How to Avoid Taking the "Phishing" Bait

One of the more sinister and increasingly prevalent methods of identity theft is the practice of "spoofing" or "phishing," involving the sending of e-mails that mirror the appearance of a popular Web site or company in an attempt to commit identity theft. Phisher e-mails claim to be sent by a legitimate company and ask consumers to reply with personal information, such as their credit card number, social security number and account password.

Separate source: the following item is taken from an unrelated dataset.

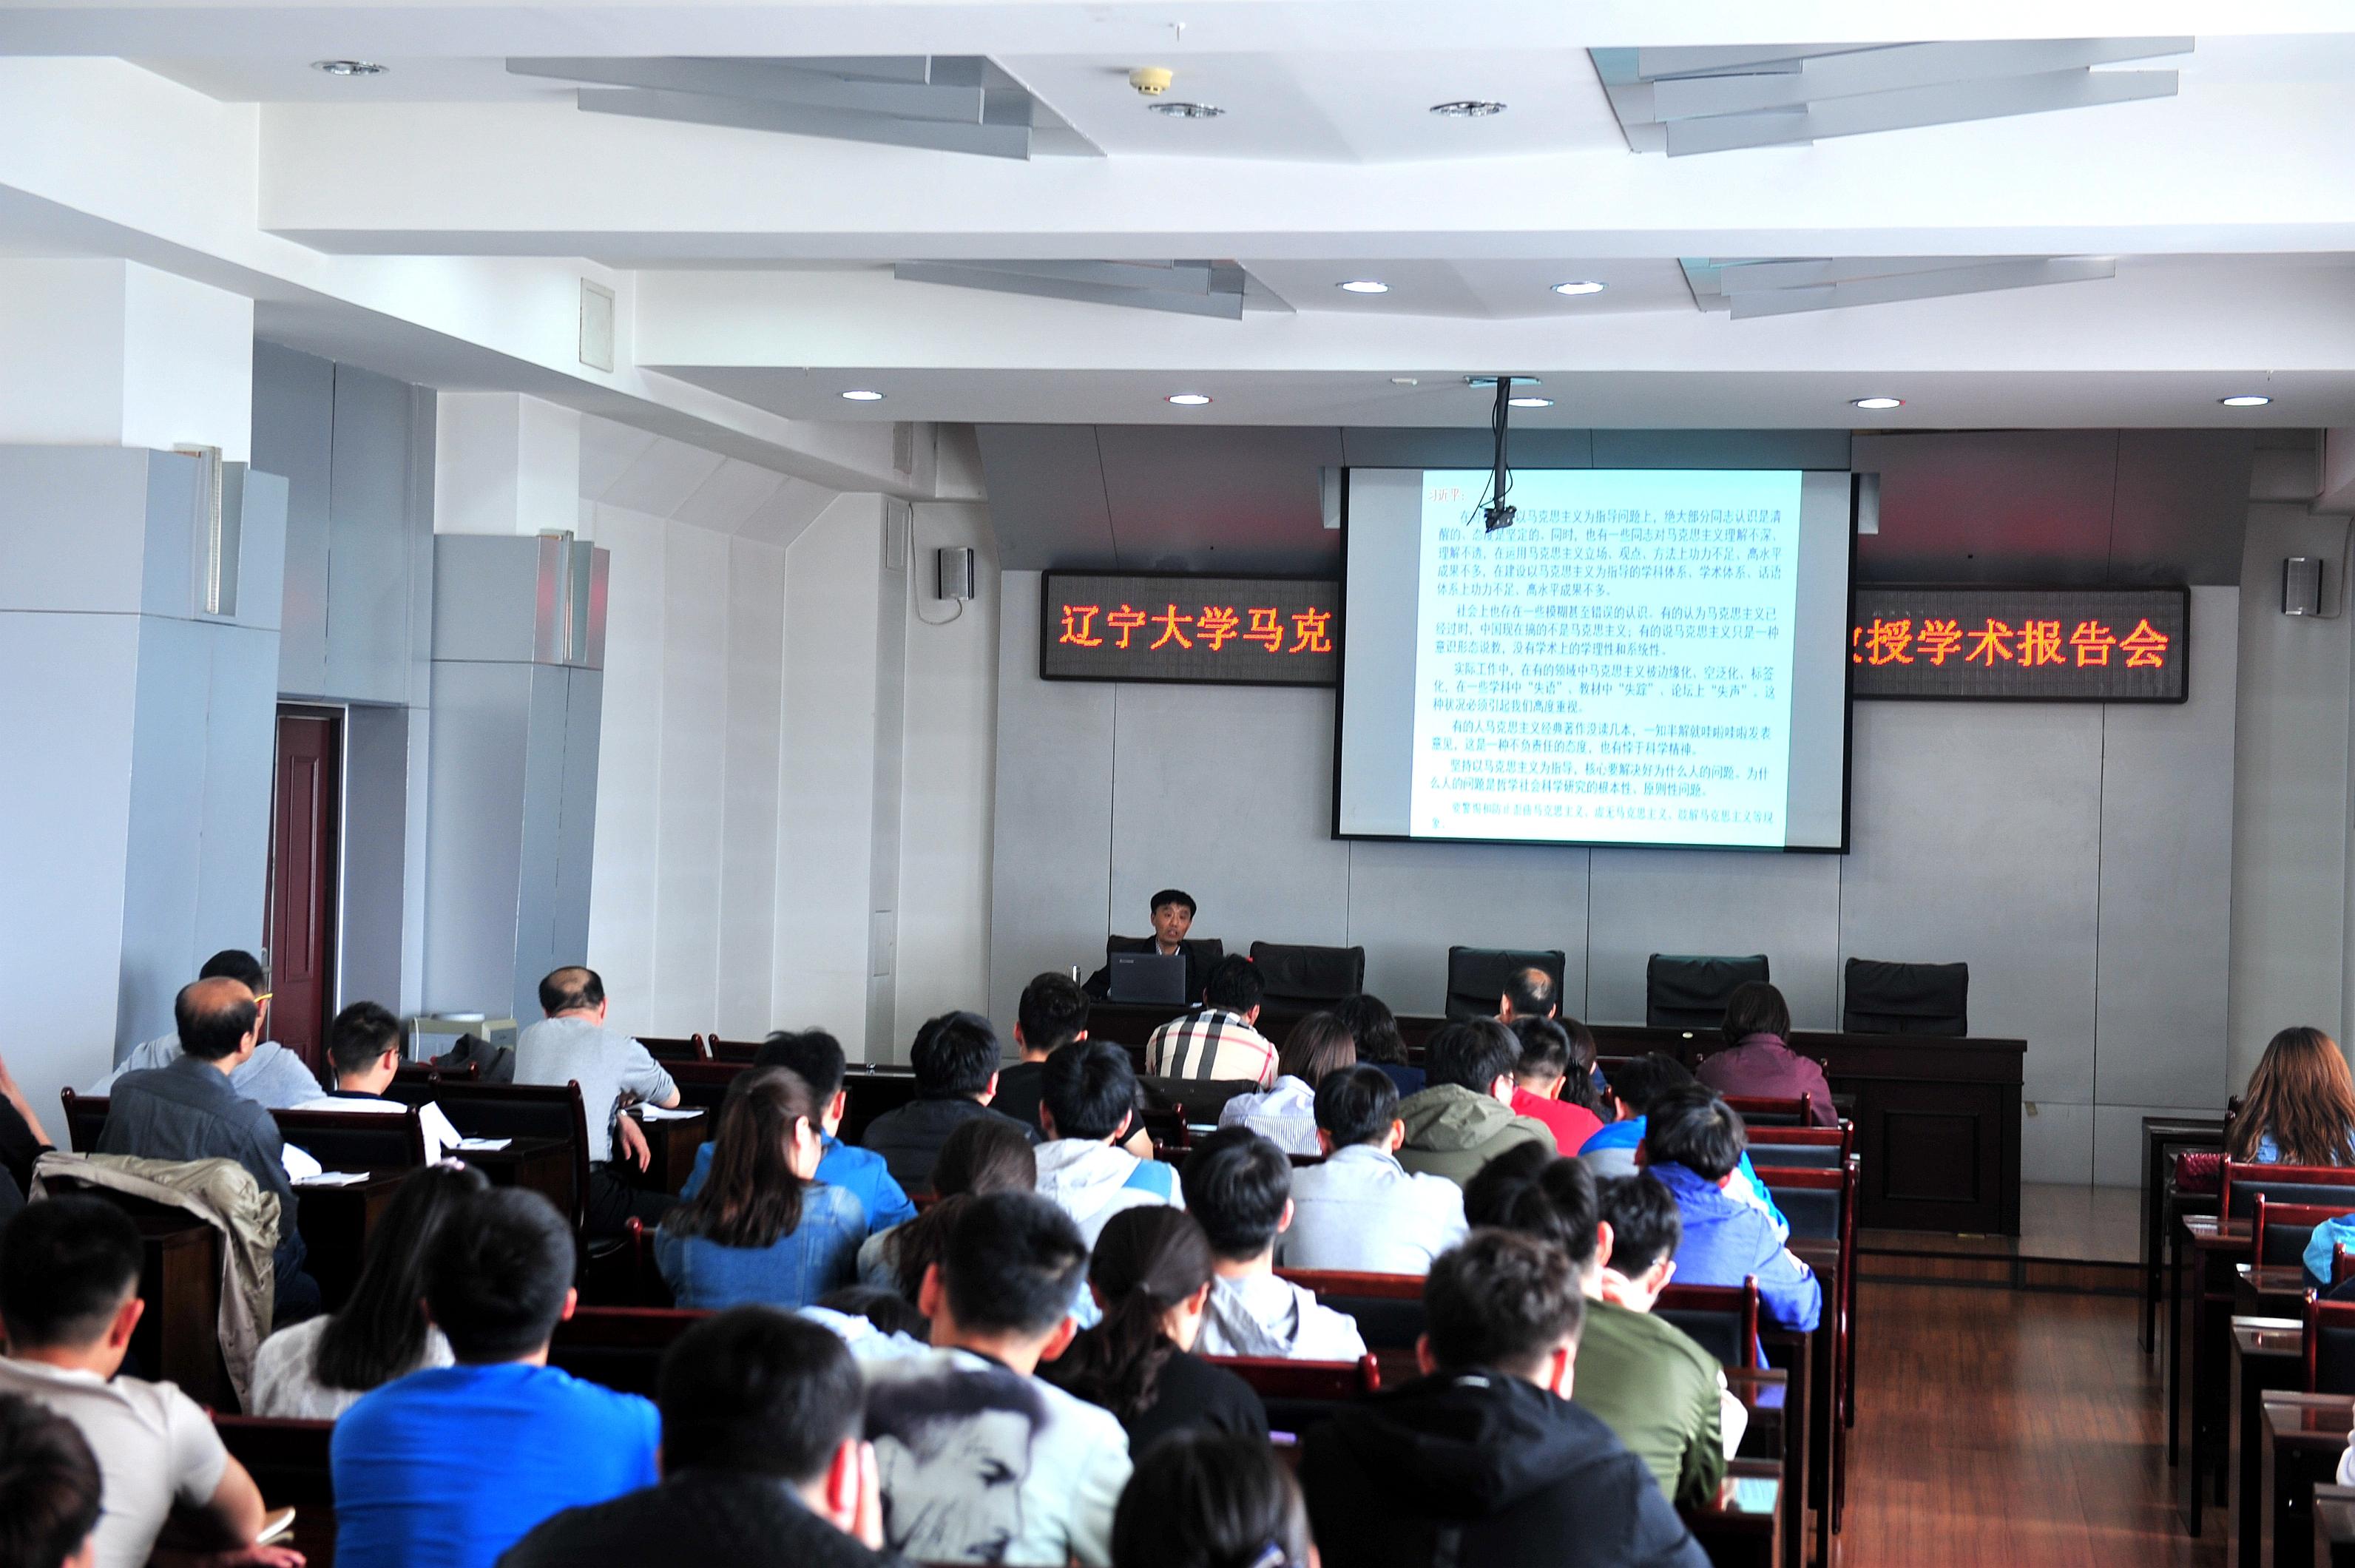 辽宁大学马克思主义学院院长房广顺教授作学术报告

In response to the sharp increase in e-mail phishing, TRUSTe today released five rules to help consumers detect and avoid phishing scams:

1. Be suspicious of urgent demands for information. Often spoofed e-mails will make some form of urgent request. For example, the e-mail will claim that your account will be terminated if you fail to confirm, verify or authenticate your personal information.
2. Look for misspelled words or grammatical errors in the message and/or hyperlink. Blatant misspelled words and/or grammatical errors are common in spoof e-mail scams.
3. Avoid e-mailing personal and financial information. Before submitting financial or account information to a Web site, look for a third-party privacy seal to ensure that the transaction is secure. Also avoid volunteering private information like passwords or a personal social security number.
4. Be watchful of general greetings. Many spoof e-mails begin with a general greeting such as "Welcome eBay User" rather than directly addressing the registered user by name.
5. Contact the company directly. If you have any doubts about an e-mail or Web site, feel free to contact the company directly to verify Web site/e-mail credibility.

TRUSTe encourages consumers to choose Web sites for online commerce carefully. Only make purchases only from companies that take identity threats seriously. We advise that consumers work with companies that have taken steps to correct any challenging situations and demonstrated their support by countering cybercriminals engaged in phishing activities.